Nigeria: Hundreds of schoolboys return home after being ‘kidnapped by Boko Haram’
Nigeria: Hundreds of schoolboys return home after being ‘kidnapped by Boko Haram’
There were more than 800 pupils in the school when the attack happened, with hundreds managing to escape.
The youngsters were abducted on 11 December from the all-boys Government Science Secondary School in Kankara village in Katsina state in north-western Nigeria.
They were welcomed back to Katsina on Friday and met with governor Aminu Bello Masari.
The boys, who were visibly exhausted, sat in chairs in a conference room, mostly still in their school uniforms.
The eldest sat in the front row of seats and were greeted by local officials.
“I think we can say… we have recovered most of the boys, if not all of them,” he said.
The group will now get medical checks before being reunited with their families.
Boko Haram, a Nigerian jihadist rebel group, says it was behind the abduction, with leader Abubakar Shekau saying the reason they attacked the school was because they believed that Western education is un-Islamic.
More than 800 pupils had been in the school at the time of the attack and while hundreds escaped, around 330 of them were taken away.
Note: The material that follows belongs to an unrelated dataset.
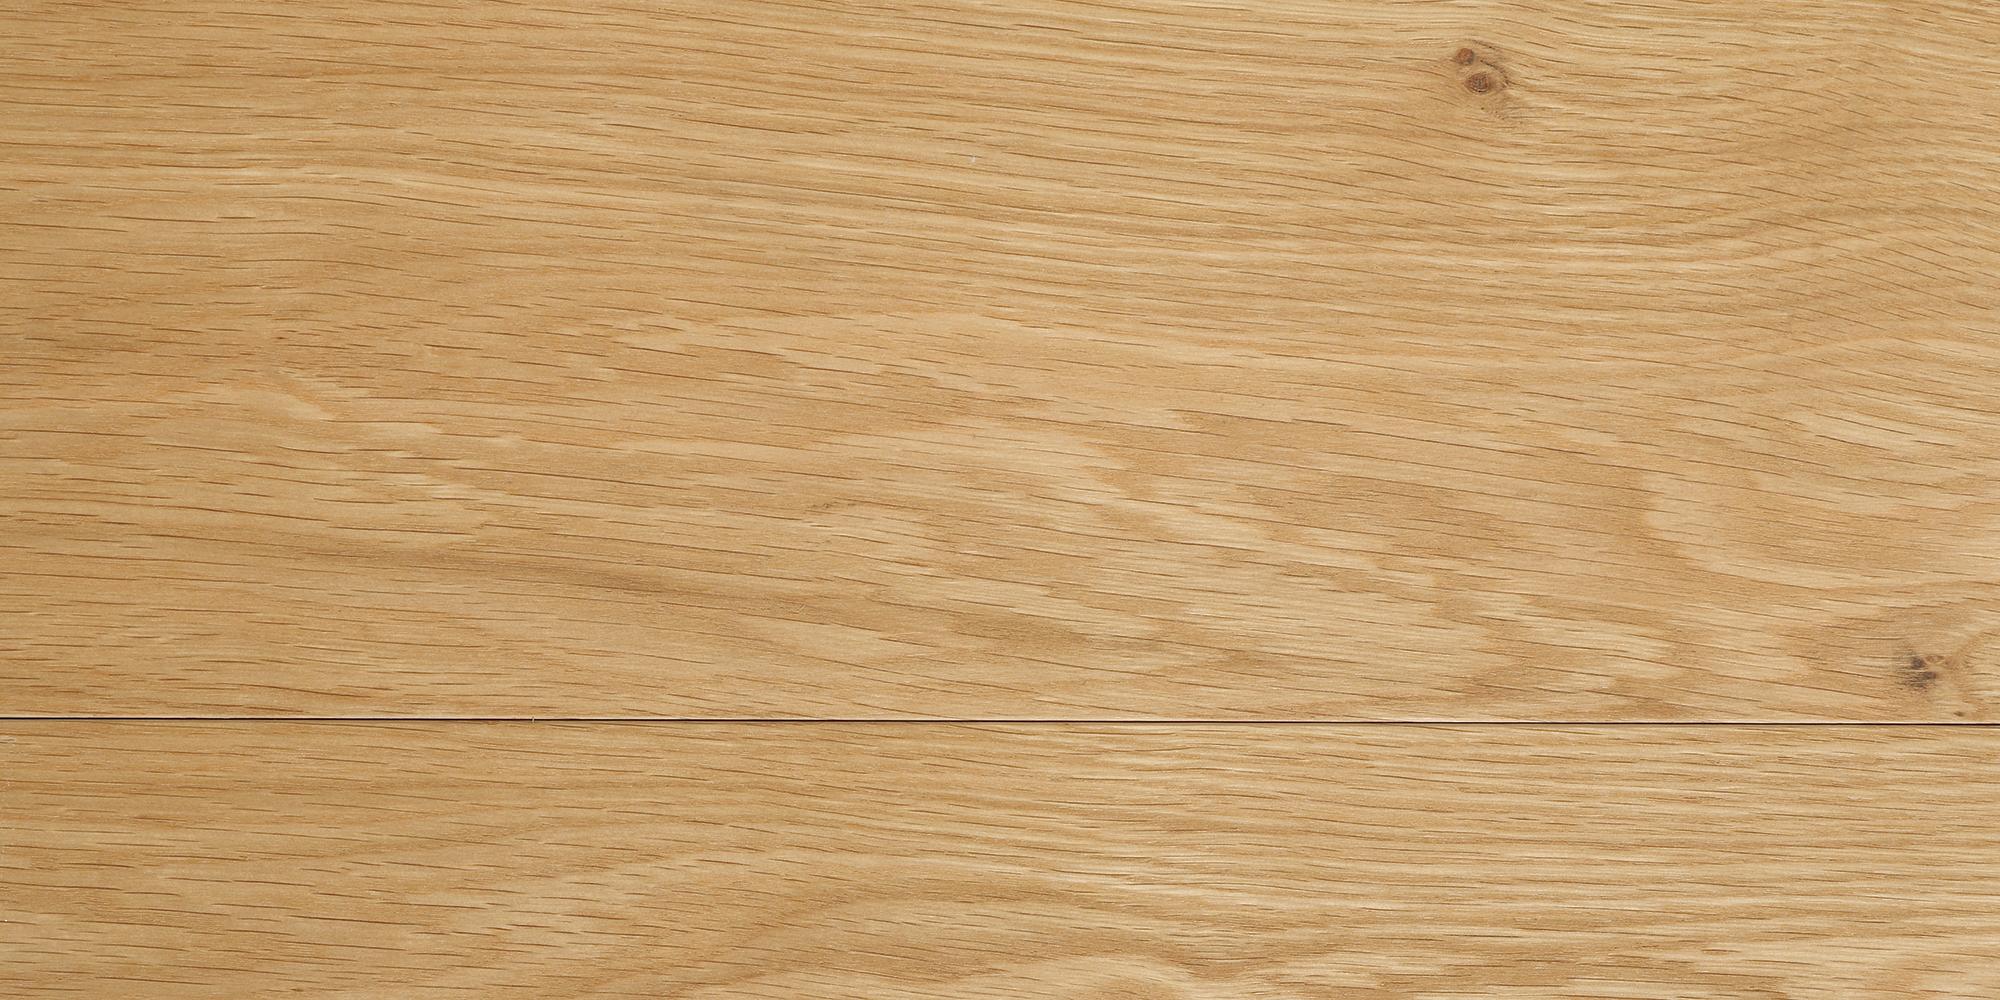 Oak Lumber Grading ~ Wood flooring grades explained woodpecker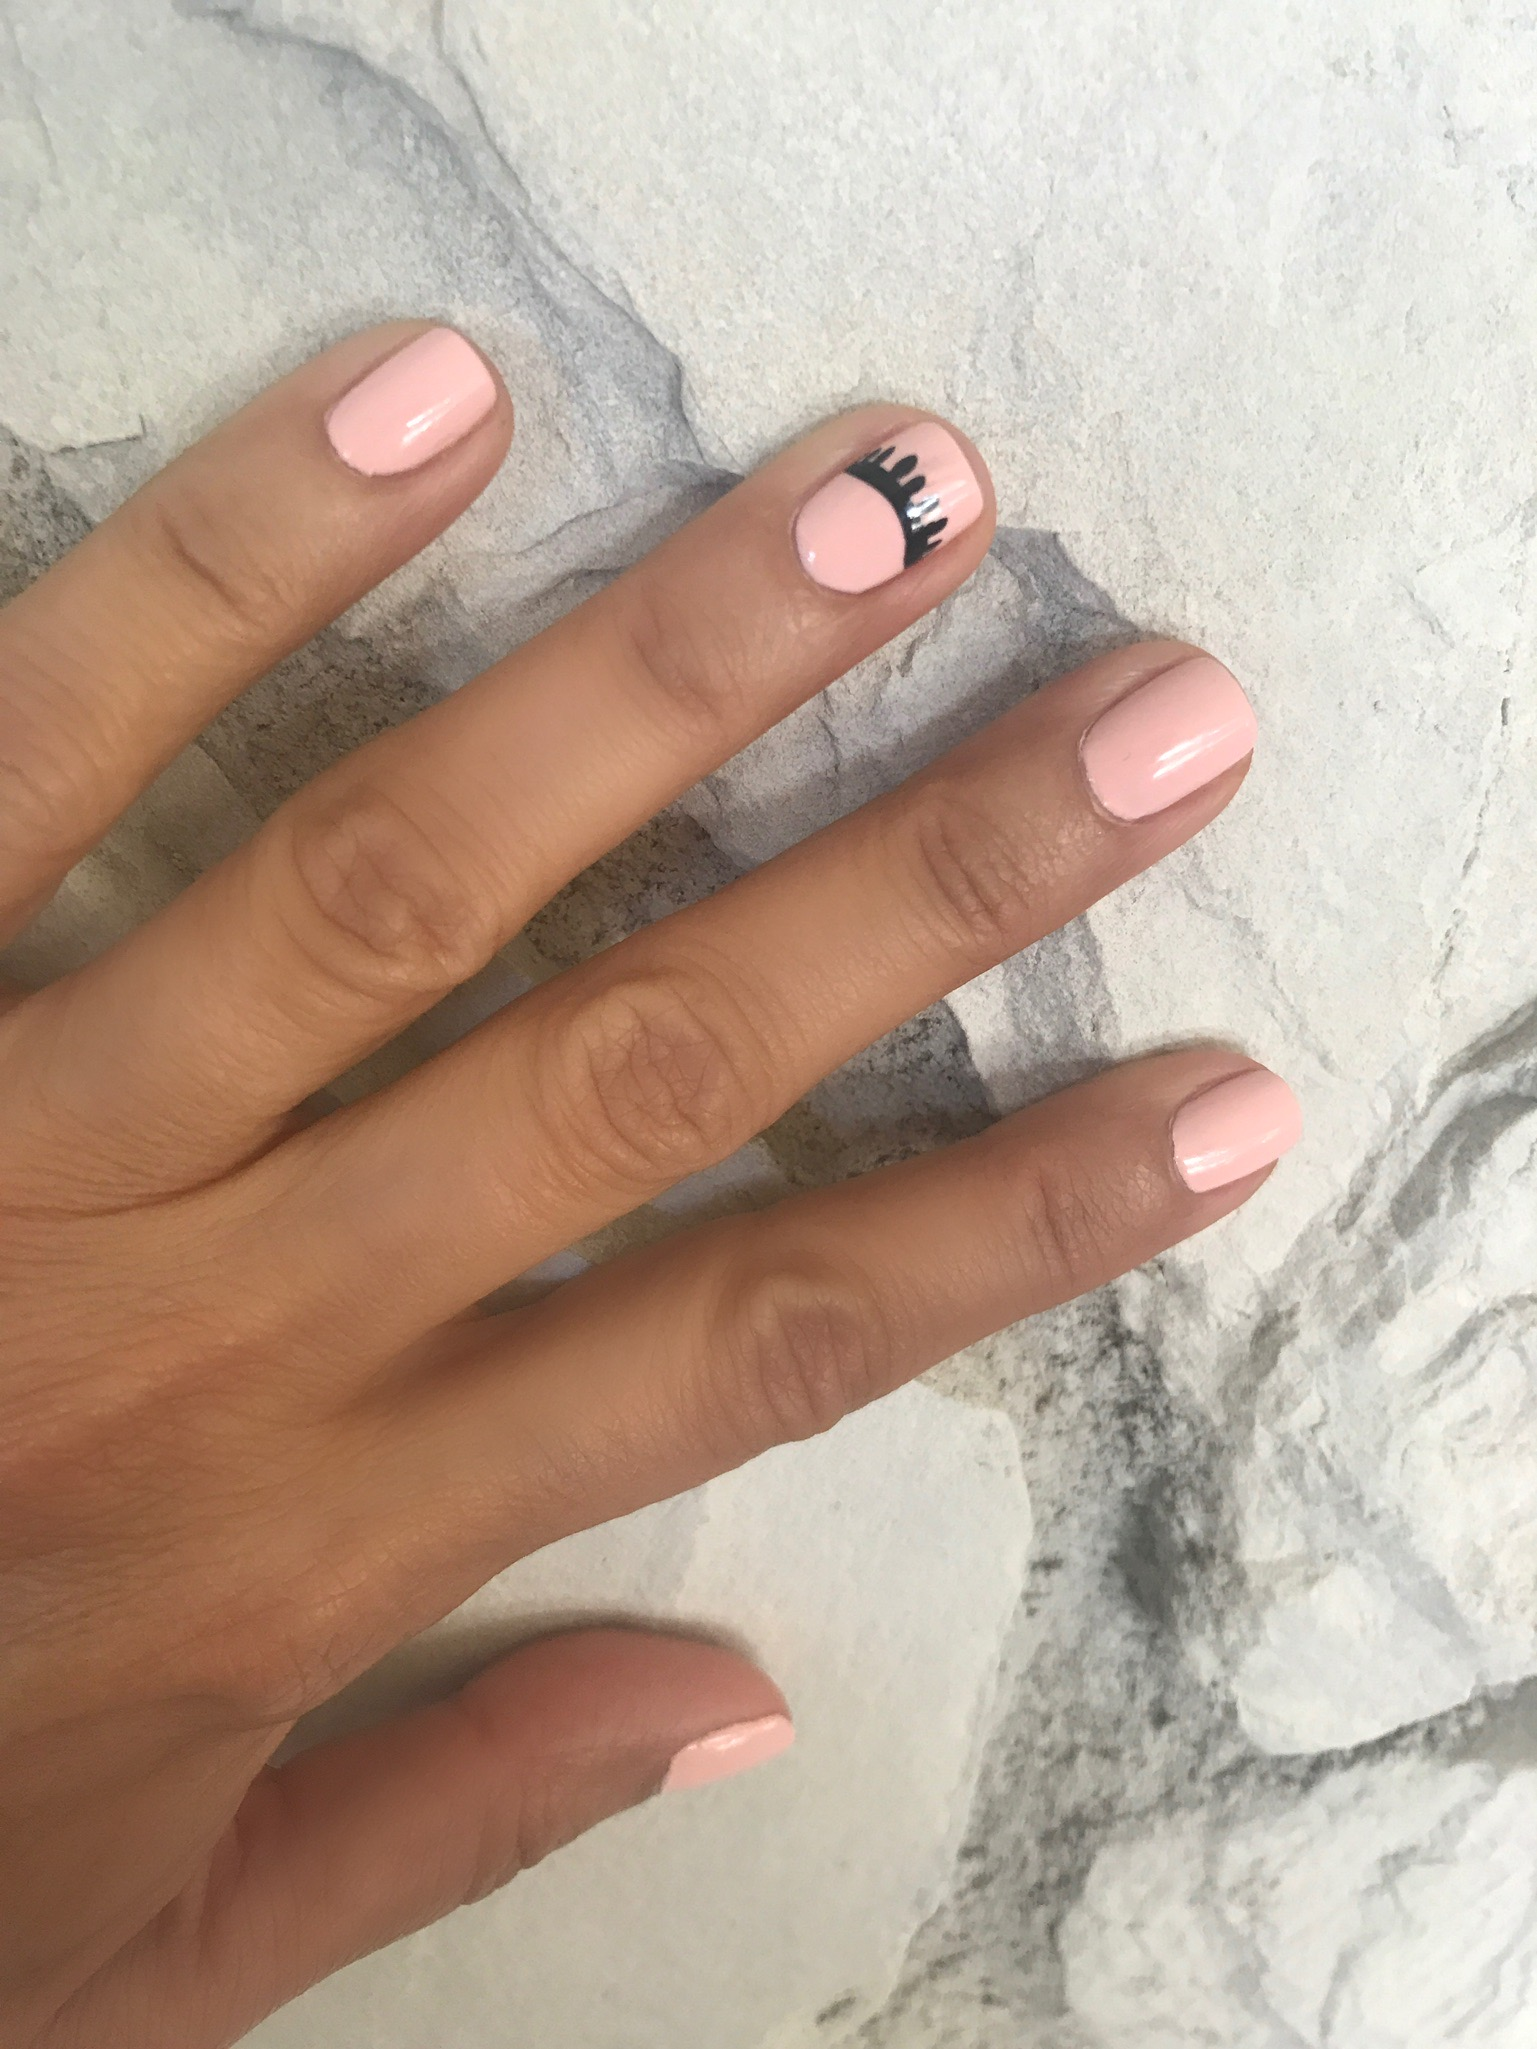 Melissa Meyers + Mani Monday + essie nail

The government had previously said it was negotiating with the group, which it had earlier dubbed as bandits.
It is thought that local gangs carried out the attacks with the support of Boko Haram, according to experts.
Armed bandits, who often kidnap for ransom, have killed more than 1,100 people since the beginning of the year in the region, says Amnesty International.
In April 2014, Boko Haram kidnapped more than 270 school girls in the north-eastern state of Borno. Around 100 of the girls are still missing with many of them presumed to be dead.
Some of the girls were released while others were married off to Boko Haram soldiers.
In 2018, after Boko Haram brought back nearly all of the 110 girls they had kidnapped from a boarding school in Dapchi, the group warned: “Don’t ever put your daughters in school again.”